Using Data Analytics to Improve Project Outcomes: Tips & Advice
L'utilisation de l'analytique dans les entreprises s'est épanouie avec la croissance d'Internet et des technologies numériques. Il existe désormais des logiciels conçus pour tout suivre, des ventes et de l'engagement des clients aux chemins qui mènent les consommateurs aux entreprises, en passant par la façon dont le public réagit aux différentes formes de marketing et même aux éléments spécifiques du contenu.
Data analytics can be used on both a small and a large scale to provide all kinds of extremely useful information to organizations. However, big data is about more than just analyzing what your company has accomplished – it can also be used in a predictive capacity to plan for future growth and success.

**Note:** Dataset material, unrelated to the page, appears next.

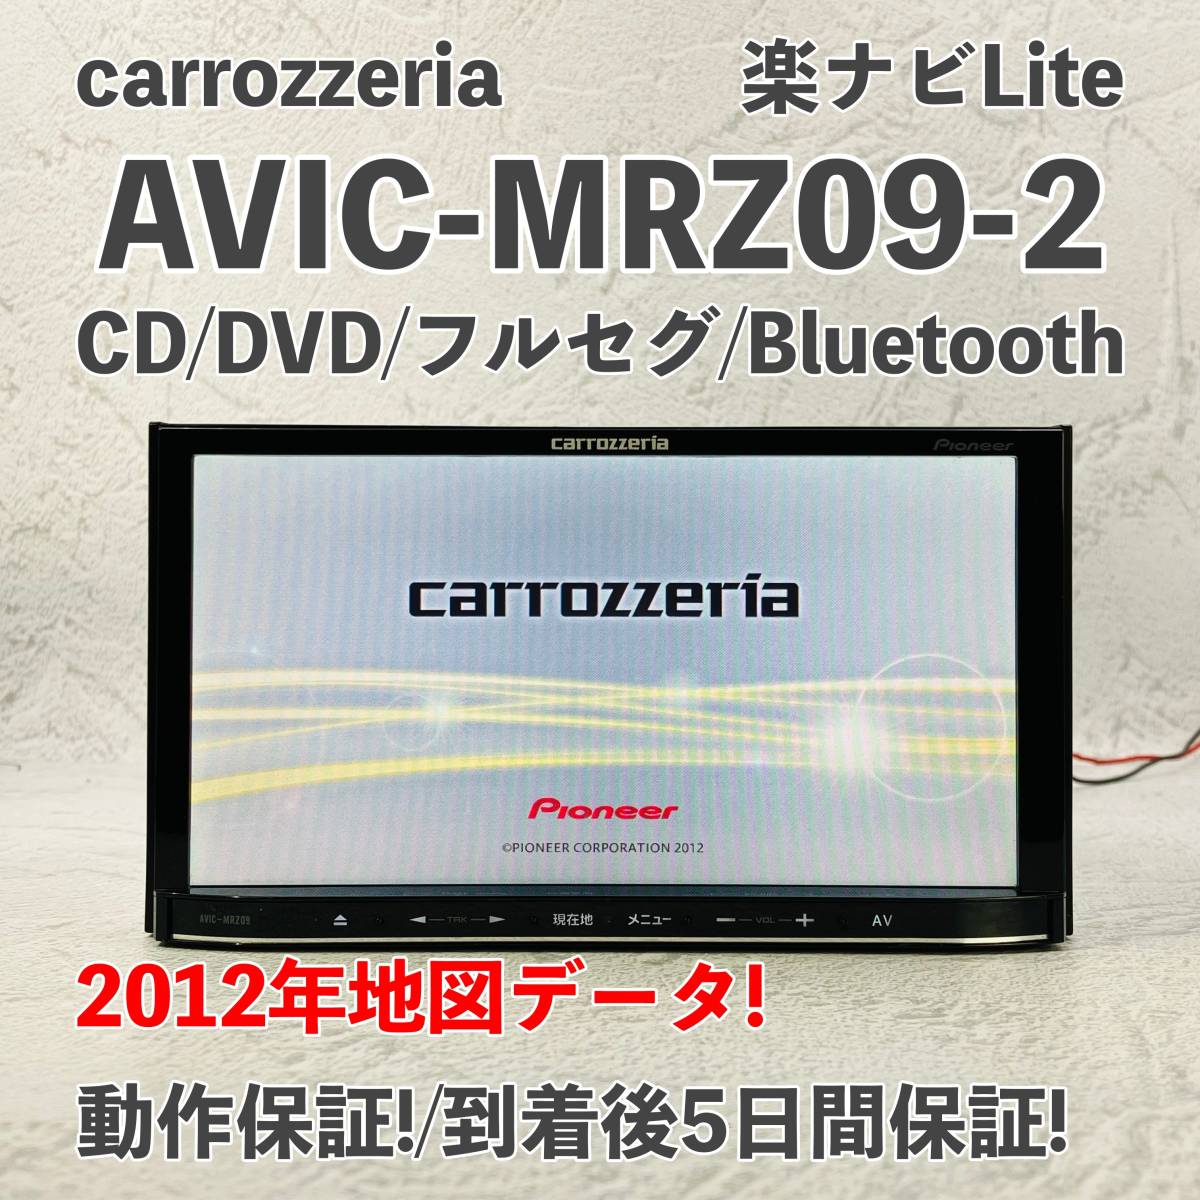 カロッツェリア AVIC MRZ09-2 HDDナビBluetooth TV | monsterdog.com.br

When used appropriately, analytics can provide the i
The use of analytics in business has blossomed with the growth of the internet and digital technologies.Data analytics can be used on both small and large scale to provide all kinds of extremely useful information to organizations. |
nformation needed to improve project outcomes and reduce risk factors, not only at the outset, but during any stage of the life cycle. The ability to revisit big data use cases can provide insight into the problems that lead to failure and, ultimately, help to make efforts more productive. Here are a few tips for using data analytics to improve project outcomes.
Évaluation des risques
There are any number of areas where a project may face the risk of failure. For example, realizing too late that a budget is inadequate could cause delays or even completely derail the project, as could underestimating the human resources and time required for completion, or the level of expertise needed for certain tasks. Check out our blog on the matter to see what we mean.
L'un des plus grands risques, selon une étude du cabinet de services professionnels Deloitte, est la complexité des projets. Alors qu'un projet d'une envergure d'environ $1-3 millions a environ 34% de chances de réussir selon leur estimation, les projets d'une valeur de $10 millions ou plus n'ont qu'un taux de réussite d'environ 7%. Pourquoi ? En raison des problèmes que posent la budgétisation, les ressources et la gestion globale du projet.
However, with the right database of information, including big data use cases, companies can compare current projects to past projects to see how certain areas overlap and pinpoint potential obstacles and setbacks before they occur. In other words, businesses can better assess risks and avoid pitfalls that plagued them in the past, improving outcomes for upcoming projects.
Measurable Variables
In the past, the ability to measure a variety of variables was shaky at best. How could companies see the impact of advertising campaigns, for example, other than through subsequent sales or voluntary customer data (surveys, reviews, etc.)? How could businesses plan to meet client or customer expectations? How could complex projects be efficiently managed and progress monitored?
These days, big data provides the needed solutions, while project management software like cloud-based Planview AdaptiveWork is paving the way with automation, real-time visibility and dynamic reporting, as well as customizable interfaces and workflows. With proper tracking capabilities and software designed for project planning, communications and management, businesses are not only able to measure performance, but also implement effective improvements.
Utilizing big data requires ample tracking, but also the ability to pinpoint specific variables in order to set goals and measure successes. This, in turn, can significantly improve project outcomes and increase overall success.